A spokesperson for the Church of England defended their position: “The Church of England’s National Investing Bodies have taken the view that they have more influence on high-carbon industries by being in the room rather than by disinvesting. By engaging with high-carbon-emitting companies, we can address the climate crisis and bring about real-world change.
“Our engagement is not open-ended, and we are explicit in our expectation that we will disinvest from companies that are not responsive to engagement.

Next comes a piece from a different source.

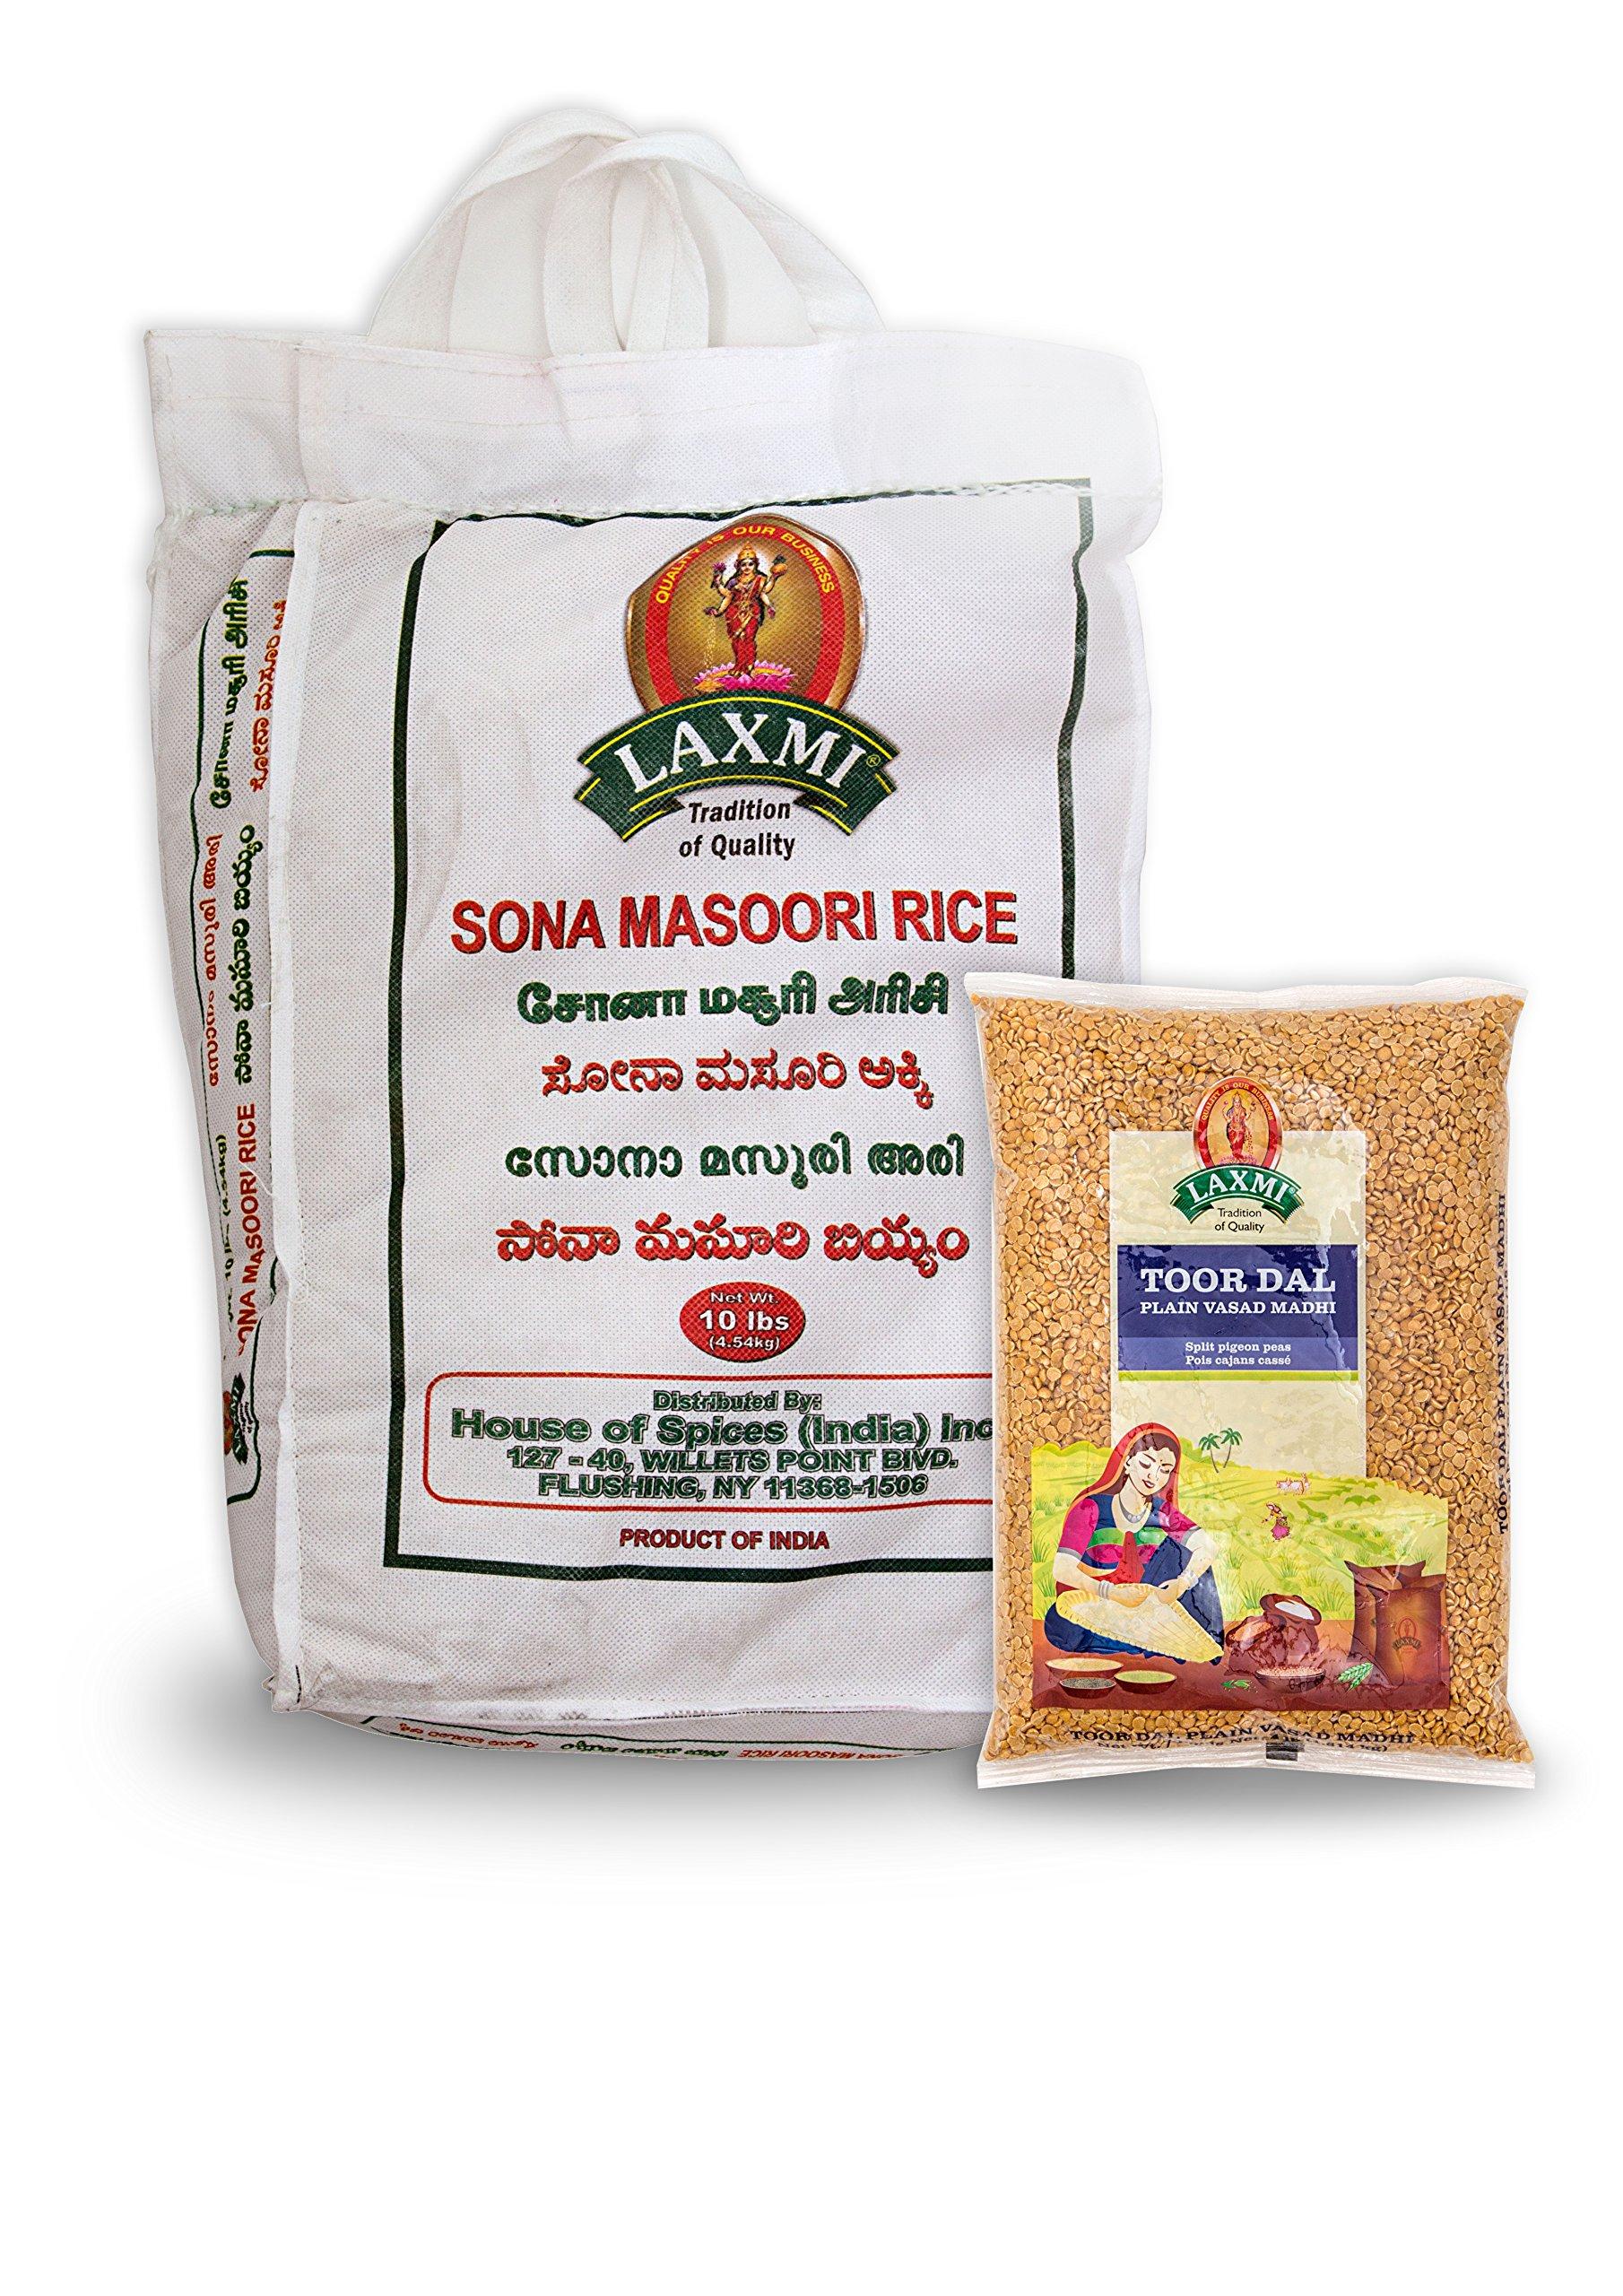 Laxmi Sona Masoori Rice & Laxmi Toor Dal Bundle - (10lb Rice and 4lb Dal)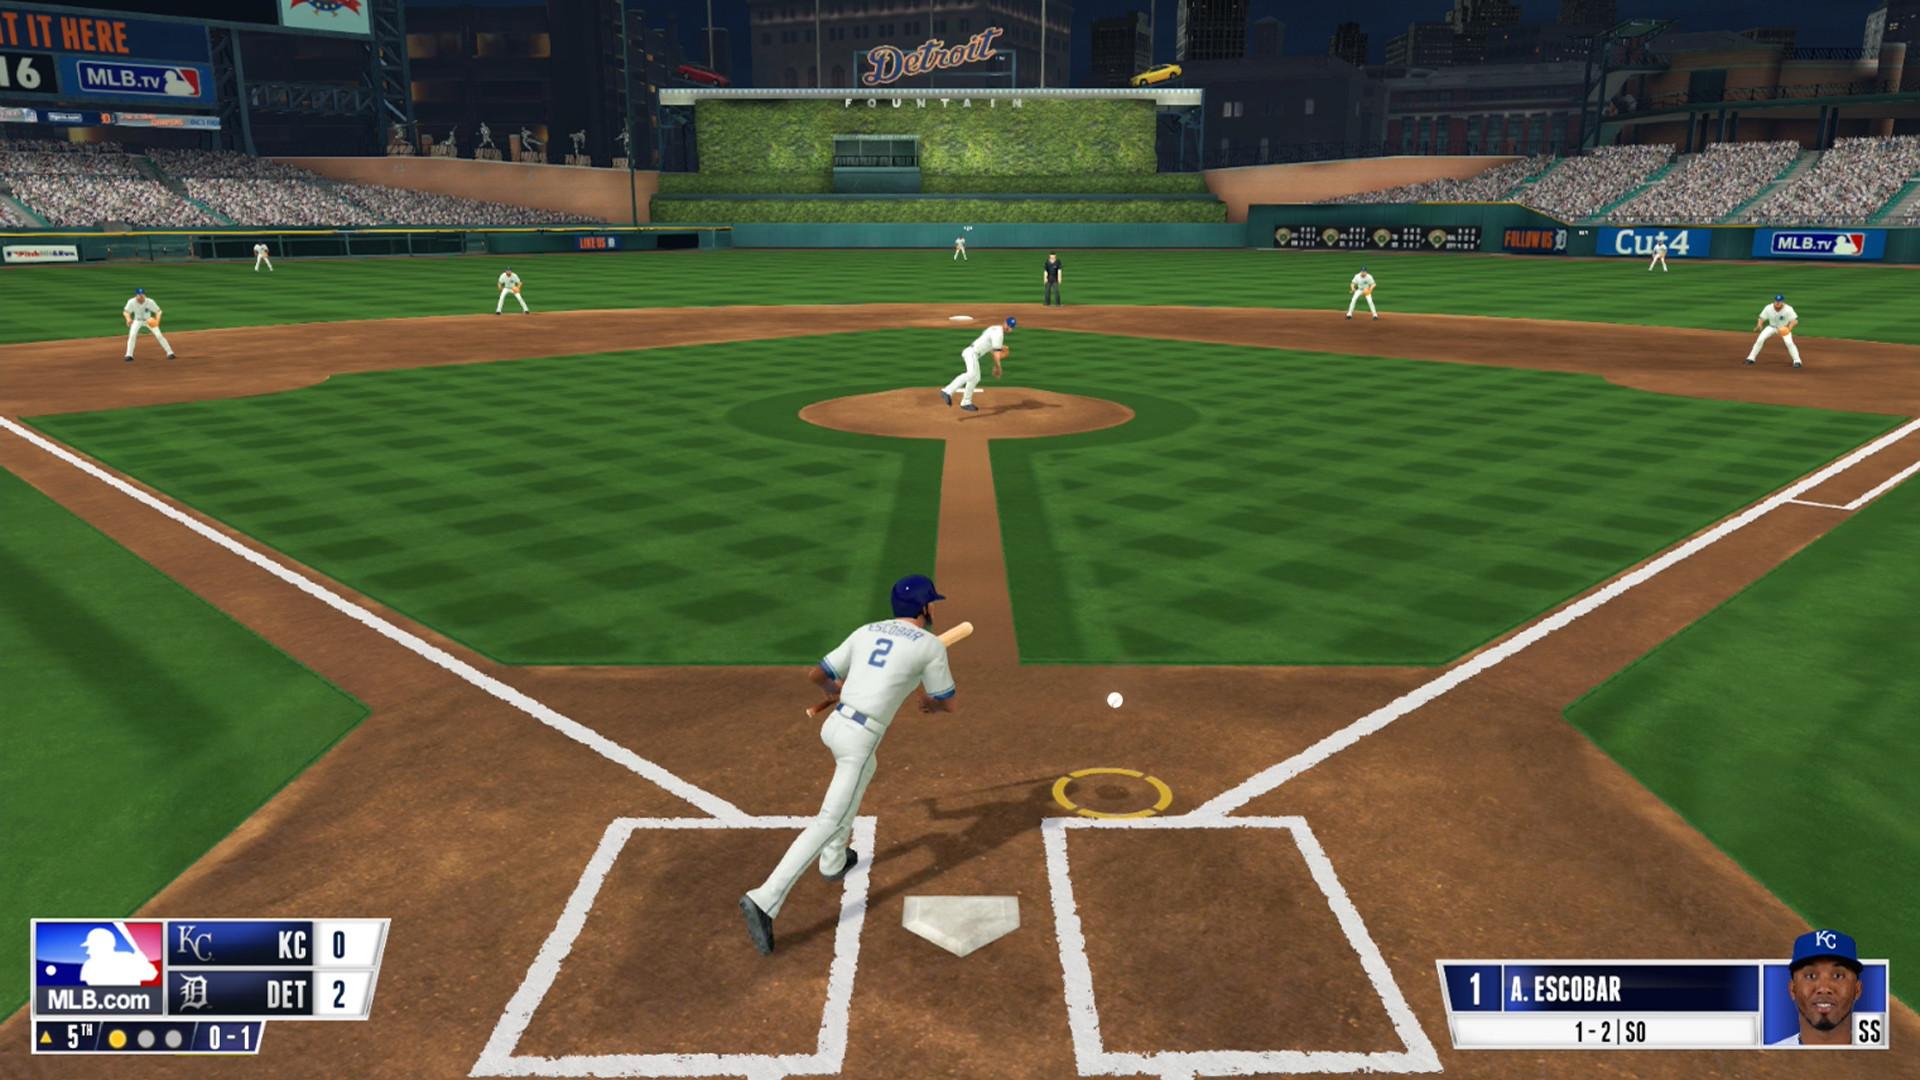 R.B.I. Baseball 16 image 2

“It is not a surprise that we want experts from industry and finance on our governance bodies to help us make the right decisions. Our board members and their backgrounds are a matter of public record and readily available online. They operate to the highest ethical and responsible investing standards. They sit alongside other board members from a variety of backgrounds, including Church and other third-sector experience.
“Calling out these individuals incorrectly suggests that the Church’s decisions are somehow influenced by those associations.”
The spokesperson continued: “The strategy is making significant progress, with 20 companies having agreed to make climate-related changes to stay off our restricted list since 2020, and a further 28 companies were excluded from our investment list on ethical grounds last year. We want to achieve a net-zero world, not only a net-zero investment portfolio.”
Mr Hannah, however, called for the finance chiefs to consider their position. He said: “Why did the Pensions Board support Shell’s energy transition plan, which includes a 20-per-cent gas-production increase in the next few years? Christians with strong financial ties to high-polluting companies are clearly compromised in taking the urgent action now needed against those companies. We urge Clive Mather and others to reconsider their position.”